Ingredients:
- 1.5 cups (190g) all-purpose flour
- 1 cup (200g) granulated sugar
- 0.5 cup (45g) Dutch-processed cocoa powder
- 1 tsp baking soda
- 0.5 tsp salt
- 0.5 cup (120ml) buttermilk, room temperature
- 0.5 cup (120ml) vegetable oil
- 1 large egg, room temperature
- 1 tsp pure vanilla extract
- 0.5 cup (120ml) hot brewed coffee
- 2 cups (300g) pitted cherries, fresh or frozen
- 2 tbsp granulated sugar for filling
- 1 tbsp cornstarch
- 1 tbsp lemon juice
- 1 tbsp Kirsch (cherry brandy)
- 1.5 cups (360ml) heavy whipping cream, cold
- 0.5 cup (60g) powdered sugar
- 1 tsp vanilla paste
- 0.25 cup dark chocolate shavings
- 12 whole maraschino cherries with stems
Instructions:
- Preheat oven to 350°F (175°C) and line a 12-cup muffin tin with paper liners.
- In a large bowl, whisk together the flour, sugar, cocoa powder, baking soda, and salt.

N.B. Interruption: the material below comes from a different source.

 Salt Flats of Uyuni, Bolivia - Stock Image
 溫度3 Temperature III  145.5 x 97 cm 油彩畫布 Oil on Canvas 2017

- Add the buttermilk, vegetable oil, egg, and vanilla extract. Whisk until well combined and smooth.
- Gently stir in the hot coffee to bloom the cocoa. The batter will be thin.
- Divide batter into liners, filling each 2/3 full. Bake for 18-20 minutes until a toothpick comes out clean. Cool completely.
- Prepare filling: In a saucepan, combine cherries, 2 tbsp sugar, cornstarch, and lemon juice. Simmer over medium heat for 5-8 minutes until thickened. Stir in Kirsch and cool.
- Whip heavy cream, powdered sugar, and vanilla paste until stiff peaks form.
- Core the center of each cupcake, fill with the cherry reduction, pipe with Chantilly cream, and garnish with chocolate shavings and a whole cherry.